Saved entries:
--
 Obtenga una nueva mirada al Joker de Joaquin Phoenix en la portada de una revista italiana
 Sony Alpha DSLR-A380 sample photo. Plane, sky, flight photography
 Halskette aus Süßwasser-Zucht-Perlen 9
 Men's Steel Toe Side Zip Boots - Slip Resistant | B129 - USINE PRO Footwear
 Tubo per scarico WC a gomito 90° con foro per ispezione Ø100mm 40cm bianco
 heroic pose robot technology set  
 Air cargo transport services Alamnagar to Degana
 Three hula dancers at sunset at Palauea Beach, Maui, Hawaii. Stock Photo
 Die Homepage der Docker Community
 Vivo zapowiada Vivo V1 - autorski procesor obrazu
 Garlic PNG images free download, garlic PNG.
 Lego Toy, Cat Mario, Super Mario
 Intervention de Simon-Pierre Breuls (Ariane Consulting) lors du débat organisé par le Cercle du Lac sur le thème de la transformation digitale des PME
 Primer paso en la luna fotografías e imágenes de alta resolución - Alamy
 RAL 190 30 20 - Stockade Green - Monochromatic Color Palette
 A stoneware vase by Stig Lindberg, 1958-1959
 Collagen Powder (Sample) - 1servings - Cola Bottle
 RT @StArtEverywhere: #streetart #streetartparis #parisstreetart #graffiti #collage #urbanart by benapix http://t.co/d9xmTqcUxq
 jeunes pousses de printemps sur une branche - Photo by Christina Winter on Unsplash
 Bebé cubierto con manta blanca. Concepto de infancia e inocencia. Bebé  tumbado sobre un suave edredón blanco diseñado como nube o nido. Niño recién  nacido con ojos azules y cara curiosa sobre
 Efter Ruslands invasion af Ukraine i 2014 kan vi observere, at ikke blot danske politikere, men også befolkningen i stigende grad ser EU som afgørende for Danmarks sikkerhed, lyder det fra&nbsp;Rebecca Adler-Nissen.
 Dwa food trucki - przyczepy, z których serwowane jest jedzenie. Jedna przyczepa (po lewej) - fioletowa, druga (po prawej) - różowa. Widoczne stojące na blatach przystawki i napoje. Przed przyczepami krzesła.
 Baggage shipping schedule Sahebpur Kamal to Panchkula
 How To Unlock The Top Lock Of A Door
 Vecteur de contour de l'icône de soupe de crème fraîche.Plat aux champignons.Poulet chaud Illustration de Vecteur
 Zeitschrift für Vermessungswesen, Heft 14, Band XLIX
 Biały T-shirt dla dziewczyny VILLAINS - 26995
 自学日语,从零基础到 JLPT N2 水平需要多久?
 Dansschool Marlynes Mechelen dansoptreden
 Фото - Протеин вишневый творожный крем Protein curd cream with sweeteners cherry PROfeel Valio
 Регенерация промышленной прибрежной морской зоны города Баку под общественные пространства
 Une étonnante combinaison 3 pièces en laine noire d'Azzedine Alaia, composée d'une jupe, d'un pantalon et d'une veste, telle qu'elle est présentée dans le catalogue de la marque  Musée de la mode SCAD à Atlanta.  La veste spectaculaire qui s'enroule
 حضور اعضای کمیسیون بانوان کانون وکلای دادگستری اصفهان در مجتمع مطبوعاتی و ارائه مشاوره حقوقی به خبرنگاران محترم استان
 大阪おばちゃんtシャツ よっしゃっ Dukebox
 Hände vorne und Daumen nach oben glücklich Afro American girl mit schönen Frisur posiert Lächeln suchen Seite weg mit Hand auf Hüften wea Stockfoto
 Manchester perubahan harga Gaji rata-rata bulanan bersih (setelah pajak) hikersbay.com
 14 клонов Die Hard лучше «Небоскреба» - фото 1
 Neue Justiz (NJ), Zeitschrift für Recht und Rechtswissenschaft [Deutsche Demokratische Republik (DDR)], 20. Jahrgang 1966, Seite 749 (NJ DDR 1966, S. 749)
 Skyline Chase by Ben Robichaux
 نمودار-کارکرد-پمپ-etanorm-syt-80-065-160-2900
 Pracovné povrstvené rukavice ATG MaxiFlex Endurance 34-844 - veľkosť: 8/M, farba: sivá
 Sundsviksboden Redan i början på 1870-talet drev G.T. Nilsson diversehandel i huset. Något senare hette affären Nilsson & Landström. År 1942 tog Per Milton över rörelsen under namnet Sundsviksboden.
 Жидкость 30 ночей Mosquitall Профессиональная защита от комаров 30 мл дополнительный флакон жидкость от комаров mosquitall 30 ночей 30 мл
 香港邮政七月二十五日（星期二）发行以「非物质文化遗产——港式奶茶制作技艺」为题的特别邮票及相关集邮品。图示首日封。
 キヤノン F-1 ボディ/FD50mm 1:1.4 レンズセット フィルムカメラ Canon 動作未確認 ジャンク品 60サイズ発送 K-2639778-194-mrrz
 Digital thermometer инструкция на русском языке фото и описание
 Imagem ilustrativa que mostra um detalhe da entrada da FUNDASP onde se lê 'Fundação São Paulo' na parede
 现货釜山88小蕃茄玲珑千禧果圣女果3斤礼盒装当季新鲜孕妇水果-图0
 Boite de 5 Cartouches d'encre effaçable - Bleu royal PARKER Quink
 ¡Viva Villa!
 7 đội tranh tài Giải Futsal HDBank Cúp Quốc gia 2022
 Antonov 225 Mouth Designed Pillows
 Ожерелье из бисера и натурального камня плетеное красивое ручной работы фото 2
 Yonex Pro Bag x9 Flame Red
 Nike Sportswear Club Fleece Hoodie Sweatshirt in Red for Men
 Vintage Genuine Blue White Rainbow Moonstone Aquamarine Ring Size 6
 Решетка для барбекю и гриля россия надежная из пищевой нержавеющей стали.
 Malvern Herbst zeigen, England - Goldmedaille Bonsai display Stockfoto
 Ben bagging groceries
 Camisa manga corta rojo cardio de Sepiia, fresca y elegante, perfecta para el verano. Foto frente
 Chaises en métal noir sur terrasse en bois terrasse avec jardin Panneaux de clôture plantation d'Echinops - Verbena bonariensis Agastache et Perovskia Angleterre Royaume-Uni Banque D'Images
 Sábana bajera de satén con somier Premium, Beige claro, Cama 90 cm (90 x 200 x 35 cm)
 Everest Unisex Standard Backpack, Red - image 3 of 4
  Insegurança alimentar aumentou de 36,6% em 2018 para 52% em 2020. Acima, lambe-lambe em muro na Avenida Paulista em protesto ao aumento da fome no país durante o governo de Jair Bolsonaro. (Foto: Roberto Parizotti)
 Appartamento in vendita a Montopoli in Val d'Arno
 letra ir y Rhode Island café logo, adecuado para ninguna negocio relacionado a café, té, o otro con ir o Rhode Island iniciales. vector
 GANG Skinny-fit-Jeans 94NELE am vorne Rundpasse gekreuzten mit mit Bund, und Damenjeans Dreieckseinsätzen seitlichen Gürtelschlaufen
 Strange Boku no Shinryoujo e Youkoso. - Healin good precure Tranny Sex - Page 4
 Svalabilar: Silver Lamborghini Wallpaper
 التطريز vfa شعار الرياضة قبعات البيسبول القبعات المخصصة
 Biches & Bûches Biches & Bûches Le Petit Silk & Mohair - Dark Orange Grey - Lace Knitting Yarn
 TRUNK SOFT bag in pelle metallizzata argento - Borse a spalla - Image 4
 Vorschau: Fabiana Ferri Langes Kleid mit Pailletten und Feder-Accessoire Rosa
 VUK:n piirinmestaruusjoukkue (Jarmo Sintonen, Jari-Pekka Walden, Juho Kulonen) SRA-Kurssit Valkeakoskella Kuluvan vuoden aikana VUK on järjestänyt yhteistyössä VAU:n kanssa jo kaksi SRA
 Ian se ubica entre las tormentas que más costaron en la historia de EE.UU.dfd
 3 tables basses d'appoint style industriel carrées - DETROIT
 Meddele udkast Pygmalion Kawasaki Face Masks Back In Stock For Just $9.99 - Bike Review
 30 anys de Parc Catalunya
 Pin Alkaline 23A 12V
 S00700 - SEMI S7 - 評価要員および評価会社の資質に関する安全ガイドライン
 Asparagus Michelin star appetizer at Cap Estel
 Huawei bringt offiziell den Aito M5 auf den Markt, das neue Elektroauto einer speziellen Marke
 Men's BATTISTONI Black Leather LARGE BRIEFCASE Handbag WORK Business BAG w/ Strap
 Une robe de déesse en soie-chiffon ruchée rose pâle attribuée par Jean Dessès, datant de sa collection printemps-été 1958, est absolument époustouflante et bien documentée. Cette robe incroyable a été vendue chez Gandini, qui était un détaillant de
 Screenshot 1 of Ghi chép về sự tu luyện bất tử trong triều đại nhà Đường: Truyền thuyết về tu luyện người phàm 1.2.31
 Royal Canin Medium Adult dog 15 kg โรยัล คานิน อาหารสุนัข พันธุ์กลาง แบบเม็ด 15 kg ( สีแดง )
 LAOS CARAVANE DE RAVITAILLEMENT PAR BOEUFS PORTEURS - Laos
--
| EXERCISE DETAILS |
Could you return exactly the stretch of the data above that starts at the line with "حضور اعضای کمیسیون" and ends at the line with "14 клонов Die", both lines included?

| ANSWER SPACE |
 حضور اعضای کمیسیون بانوان کانون وکلای دادگستری اصفهان در مجتمع مطبوعاتی و ارائه مشاوره حقوقی به خبرنگاران محترم استان
 大阪おばちゃんtシャツ よっしゃっ Dukebox
 Hände vorne und Daumen nach oben glücklich Afro American girl mit schönen Frisur posiert Lächeln suchen Seite weg mit Hand auf Hüften wea Stockfoto
 Manchester perubahan harga Gaji rata-rata bulanan bersih (setelah pajak) hikersbay.com
 14 клонов Die Hard лучше «Небоскреба» - фото 1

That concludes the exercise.